An image by BankBazaar Blog

The Taiwanese Financial Institution, or TFI, is the provider of credit cards. It has noticed an increase in client defaults. This situation is having a significant negative impact on the company’s revenue, but they are aware that they can take action if they can foresee which credit card customers would miss their subsequent payment. However, the management of TFI has emphasised that understanding why consumers are defaulting is as crucial to them as predicting which customers would do so. Hence, the purpose behind this project includes answer to following questions:

Figure 1: Probability of defaults by gender

We can see from the plot that the default rate in males is marginally ahead of its counterpart by less than 4%. However, the dataset comprises 20% more females with roughly 12k males and a little over 18k females. Let’s dig a bit deeper to see what age group in both genders defaults the most.

Here you can see the plot is right-skewed, meaning the distribution follows a decreasing trend as the age of customers increases. The majority of payers & non-payers in both genders lie in the age group of approximately 20–35. This suggests that the bank issued credit cards to adults more often than the elderly since 75% of the customers in the dataset have aged less than 41 years.

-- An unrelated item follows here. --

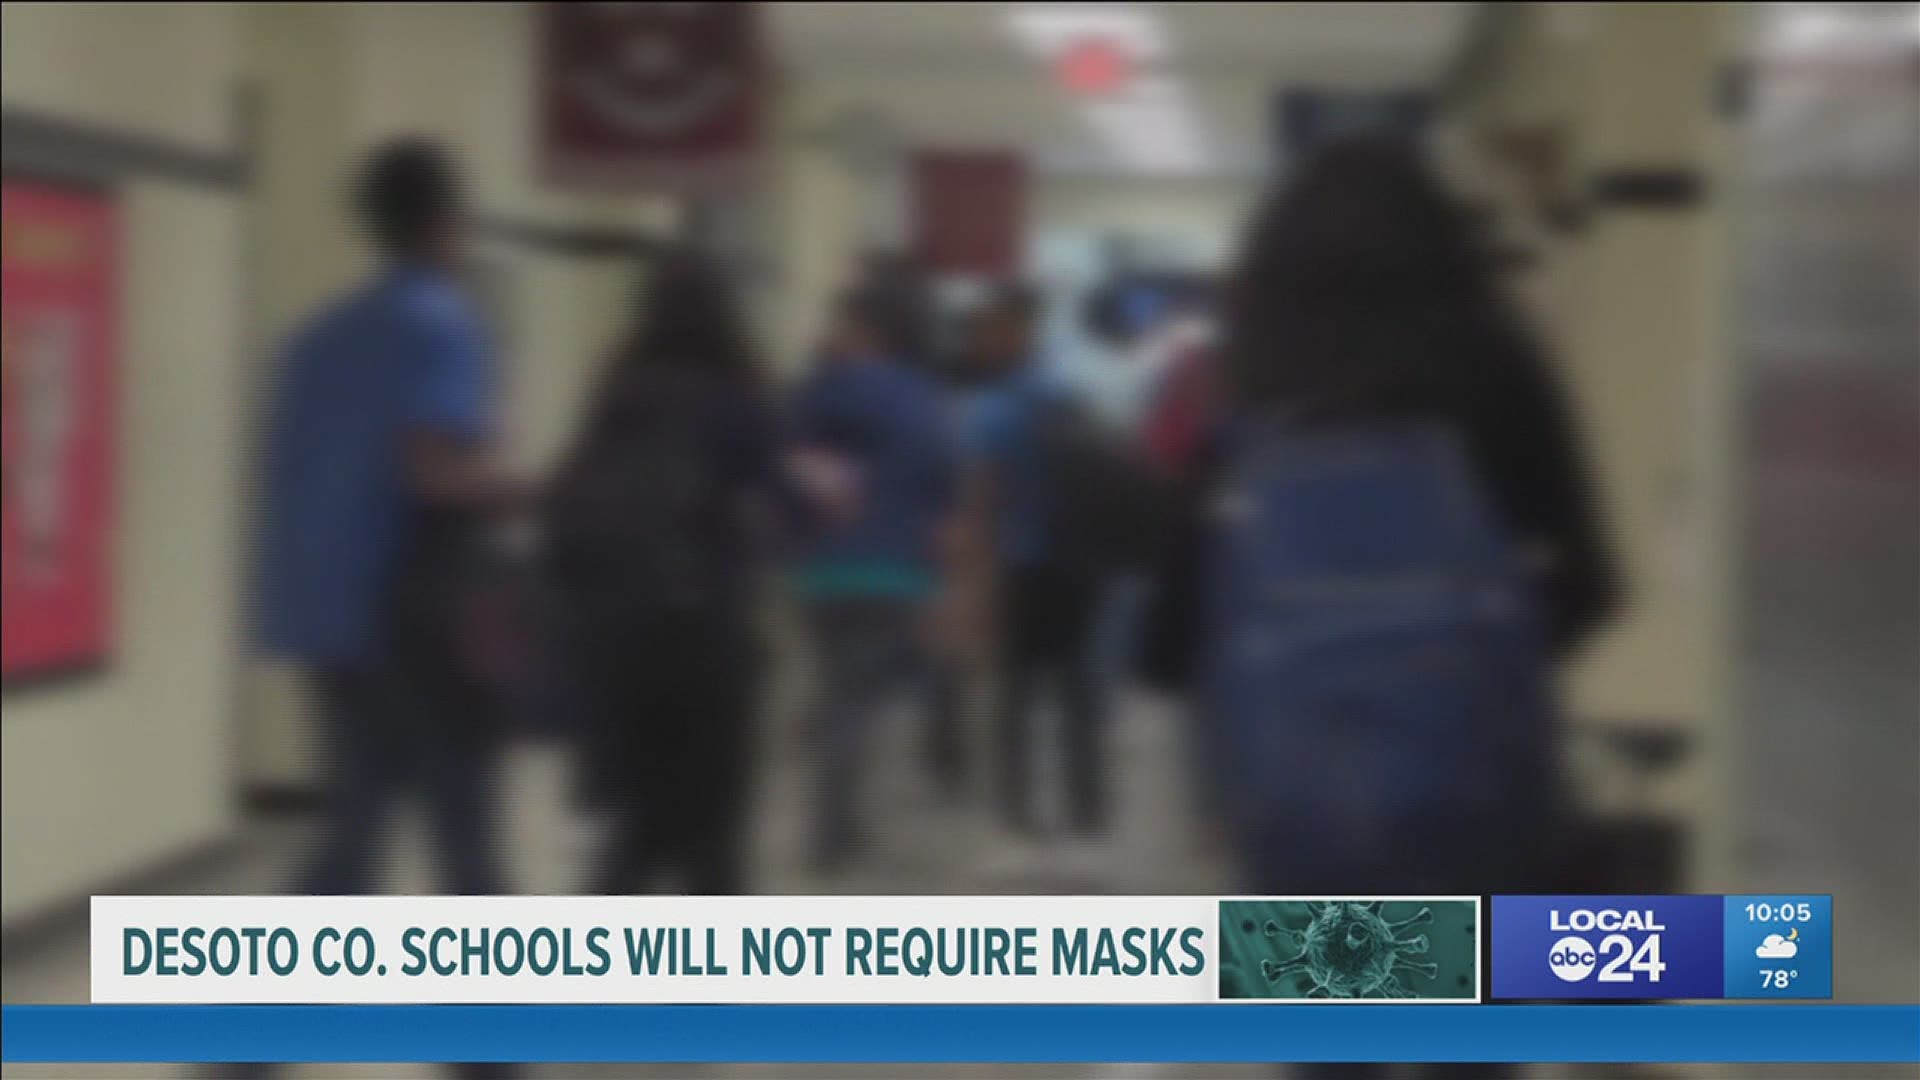 The Mississippi Health Department, the CDC, and the American Academy of Pediatrics all say that children need to wear masks in class.

In the chart above, only a difference of 2.54% observed between married and single customers in default. A further analysis is required to understand whether the marriage attribute relates to default payment.

Figure 3: Probability of default in Education Level.

It is very tempting to infer from the plot that ‘Others’ category has the least default rate of all groups. However, the attribute has values that were listed as unknowns (probably filled in for missing values) and some values undocumented in the data dictionary. Hence those categories were grouped as ‘Others’. Nonetheless, there are insignificant differences found between High School and University graduates. Unsurprisingly, grad school clients are fewer defaulters since graduates from professional schools are more likely to get a high salary jobs that might make them pay their dues.

2. What age group do people with high lines of credit belong to?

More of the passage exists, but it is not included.